The demonstration by the Disney animator really got me thinking about how important it is for educators to think differently. Visual representations can tell dramatic stories in a few minutes. Watch this story on addiction. There are no words — either spoken or written. But people completely understand the seduction of addition and respond emotionally to its impact.
Another illustration of the power of visual thinking and student learning is mind mapping.
Most people think of mind mapping as outside the boundaries of the typical school day — just another distracting tool of the Internet age. But in reality, visual thinking through mind mapping has been around for thousands of years. Historians credit philosopher Porphyry of Tyros as the first documented user of mind mapping in the 3rd century BCE. While his mind map looked quite different than contemporary computerized mind maps of today, Porphyry used visual thinking to categorize and organize the work of Aristotle. Historians have also confirmed the use of mind mapping by one of the brightest minds of the Renaissance, Leonardo da Vinci. He made extensive use of mind mapping to clearly articulate, reiterate and generate prototypes of his creations in science, engineering, art, sculpture and literature. “Simplicity is the ultimate sophistication,” wrote da Vinci.

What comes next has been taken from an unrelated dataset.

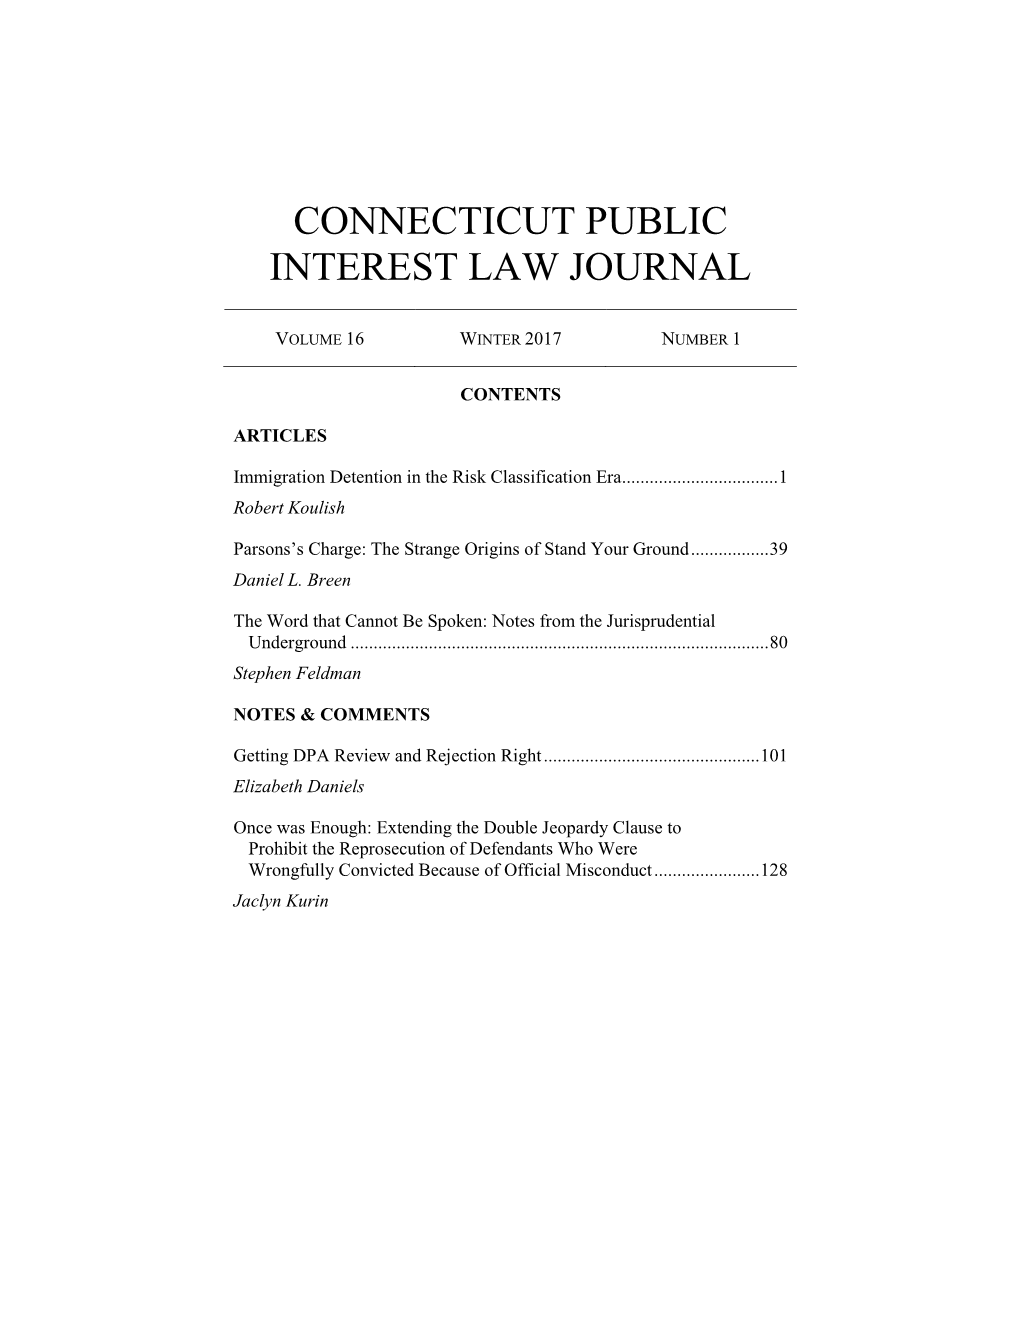 Connecticut Public Interest Law Journal

While there are subsequent recorded instances of mind mapping after da Vinci, visual thinking with mind mapping was not rediscovered until the 1950s. Educator and psychologist Allan M. Collins is considered by some to have resurrected mind mapping to envision how people learn through his study of human cognition. Collins visualized creativity and learning networks with mind maps to illustrate the relationship among concepts.
British psychologist Tony Buzan popularized mind mapping in the 1960s. He defined mind mapping as a powerful graphic technique to unlock the potential of the brain. Starting at the core — the concept, idea, thing or person students want to explore, Buzan popularized “radiant thinking” as a way to make connections and create more ideas than a standard list. Think about a mind map of a sound, the buzzing of the bumble bee, at the core. Can you think of related ideas radiating from the sound that makes use of more than one of your senses? Think about color–black and yellow; or texture–fuzzy; or products: honey, beeswax. The mind map opens the door to student engagement by encouraging them to connect concepts without fearing to be wrong.
Mind mapping is not only a visual summary of ideas, but also focuses on communication through dialogue, discouraging unitary sequenced presentations. It promotes new conversations and creative connections. Because building new ideas and connections takes courage, mind mapping discussions take place under conditions of “suspended judgment,” which is a great way for educators to include all different types of learners in the conversation. The visual thinking of mind mapping corresponds with the application of ideas through prototyping found in design thinking.
Students young and old can use mind maps to explore ideas in a myriad of settings from English class to informal inquiry science. Mind maps offer a great way for kids from a young age to visually imagine their college and career aspirations. Students and teachers alike may be surprised to see how frequently mind mapping is used in global business settings. Visual thinking as a means of connecting concepts and creating new ideas is the future. Why not use mind mapping to prepare our kids for that future?